МАНОН. Я смылась сегодня утром, без оглядки. Не спала всю ночь. Вещей с собой не брала. В старом чемоданчике только смена белья, какая-то пыльная книжонка, пачка сигарет и визитка Жоржа. Первый автобус шел в половине седьмого, чуть дальше по дороге, к северу от Конечной. Я боялась опоздать, удрала еще затемно, и на заре была уже далеко. Пришла на остановку раньше времени, и пока ждала автобуса, еще раз пересчитала деньги. Небо на востоке окрасилось сиренево-розовым, и я поняла, что день будет ясный. Я ни о чем не жалела — ни об отце, ни о своей комнате, ни о деревенском тихом рассвете. Ничего у меня на Конечной не осталось.
Я села в автобус, заплатила за билет. Судя по лицу шофера в зеркале заднего вида, шорты у меня, пожалуй, были коротковаты, а розовые очки — слегка розовее, чем надо. Я сказала ему: «Держите себя в руках, все-таки полседьмого утра», — и уселась в глубине салона. Кроме меня, пассажиров в автобусе не было. Я смотрела, как проплывают за окном поля, и считала мачты электропередач: с каждой мачтой увеличивалось расстояние между Конечной и мной.

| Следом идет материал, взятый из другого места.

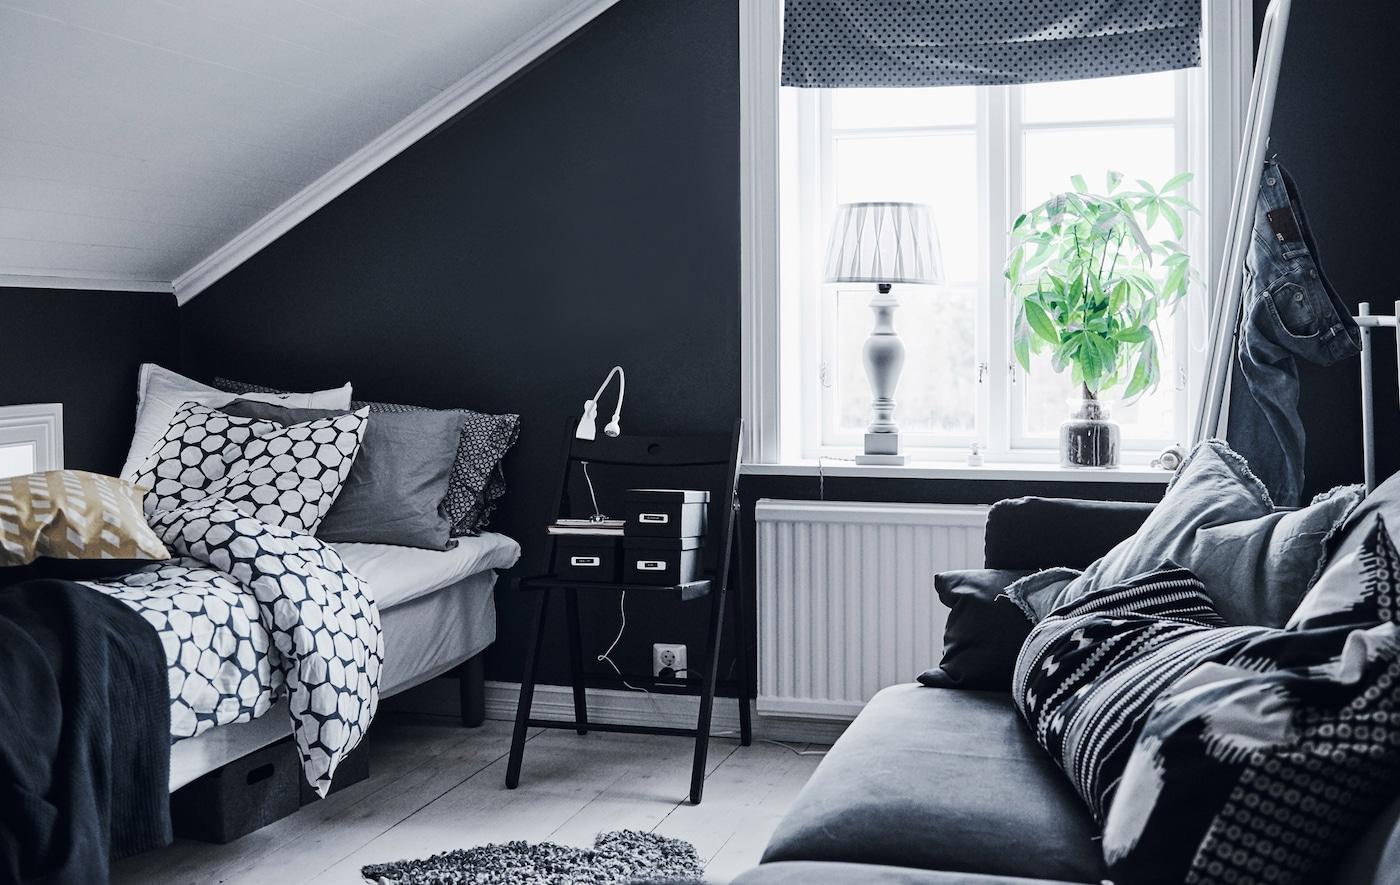 Cooles Jugendzimmer Einrichten Mix Style Ikea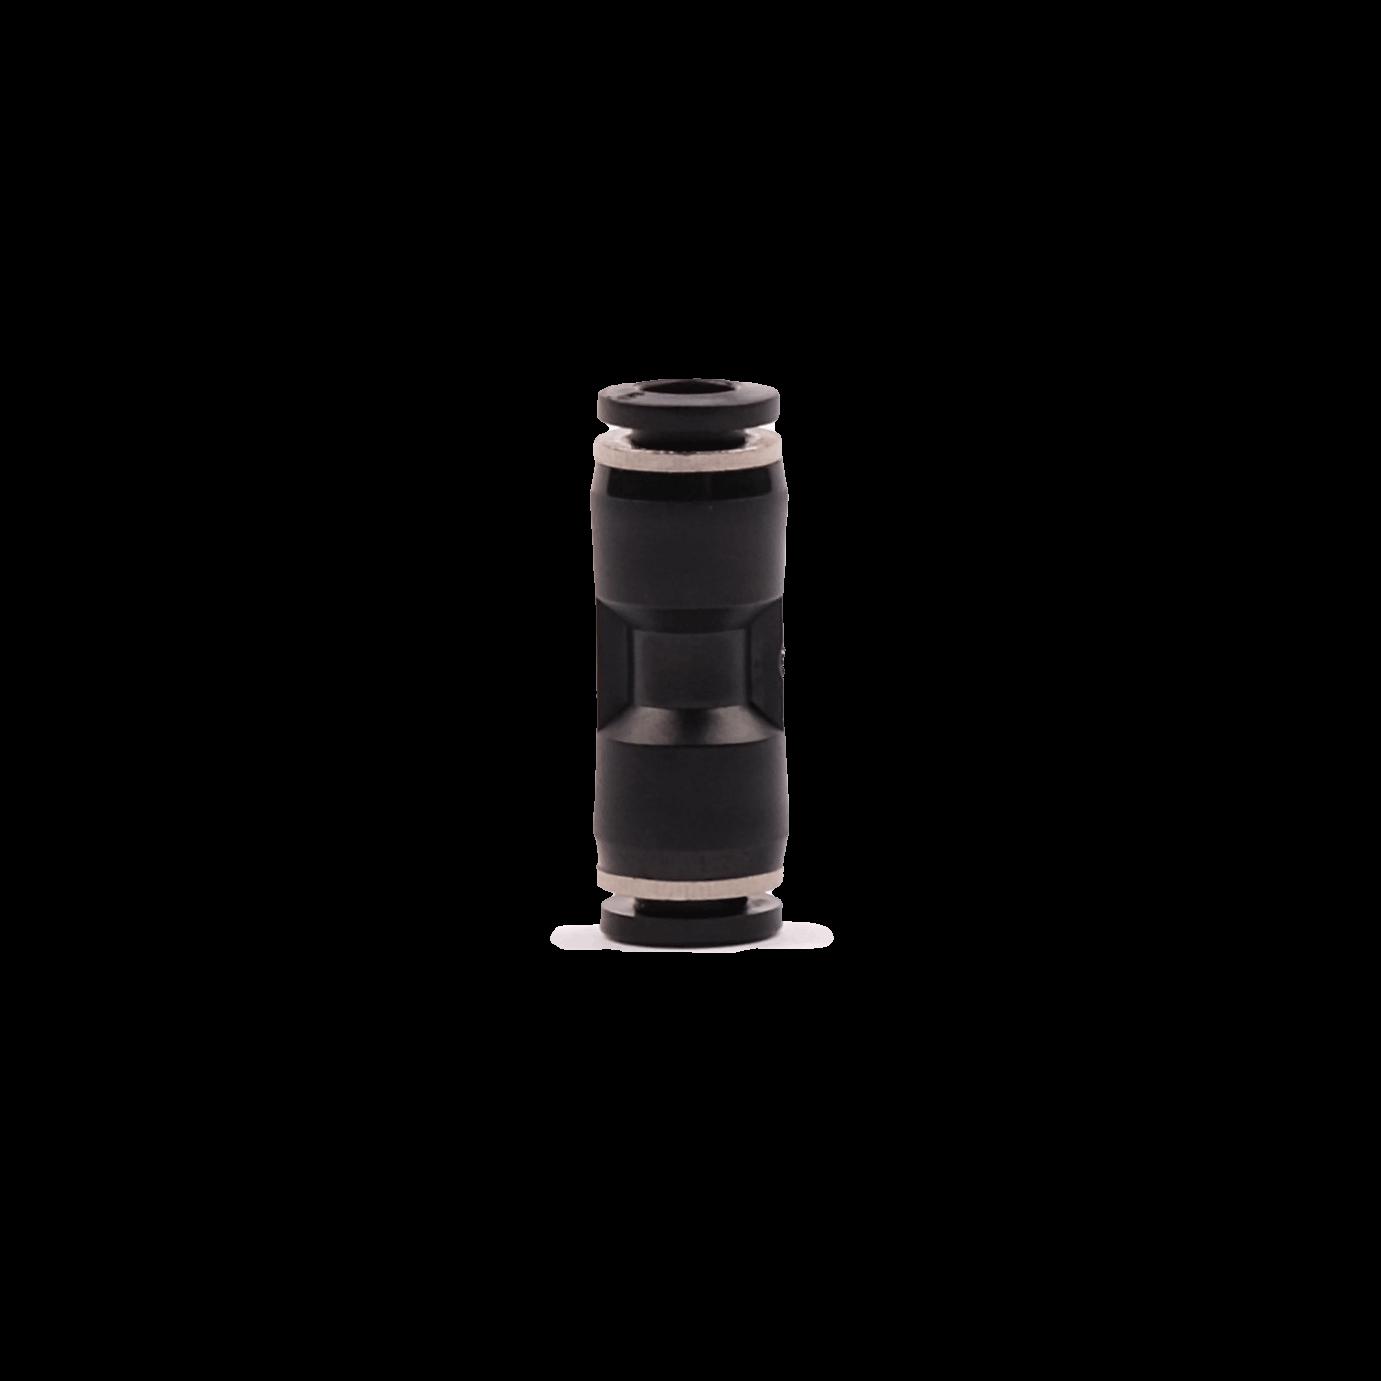 Schlauchverbinder für Sprühkopf-Druckluft, 6 mm

В Монпелье я пересела на поезд. На вокзале мне попалась девушка моего возраста, попрошайка. Через плечо платок с младенцем, голые руки исполосованы шрамами. Я спросила, зачем ей деньги, она ответила: «Пожрать». Я дала ей десять евро. Она ринулась прочь, не сказав спасибо, и, поворачиваясь, задела меня головой младенца, голова отвалилась и упала на землю, она была пластмассовая. Девица скрылась в здании вокзала. Я купила себе сэндвич и газеты в дорогу, потом села в вагон, но читать не могла. Передо мной стояло лицо отца, когда он показал мне деньги. В ушах так и звучали его слова: «Три тысячи евро, конечно, не густо, но они тут, они твои. Подумай хорошенько, что будешь с ними делать, а когда решишь, я тебе их отдам. Хорошенько подумай, деньги невелики, но для девочки в двадцать один год это много». Так и звучало: «Бедная моя девочка, жизнь у тебя со мной не слишком-то веселая, но теперь ты сможешь немножко развлечься, с днем рождения, и поцелуй папу, скажи ему спасибо». А главное, я так и видела, как в полночь он стоит в дверях своей комнаты, старый, замученный, довольный и в то же время смущенный своим подарком, и говорит мне: «До завтра». Как бы не так. Денежки лежали над баром, я сразу нашла. Теперь они лежат в старой кожаной сумке, а старая кожаная сумка зажата между ног.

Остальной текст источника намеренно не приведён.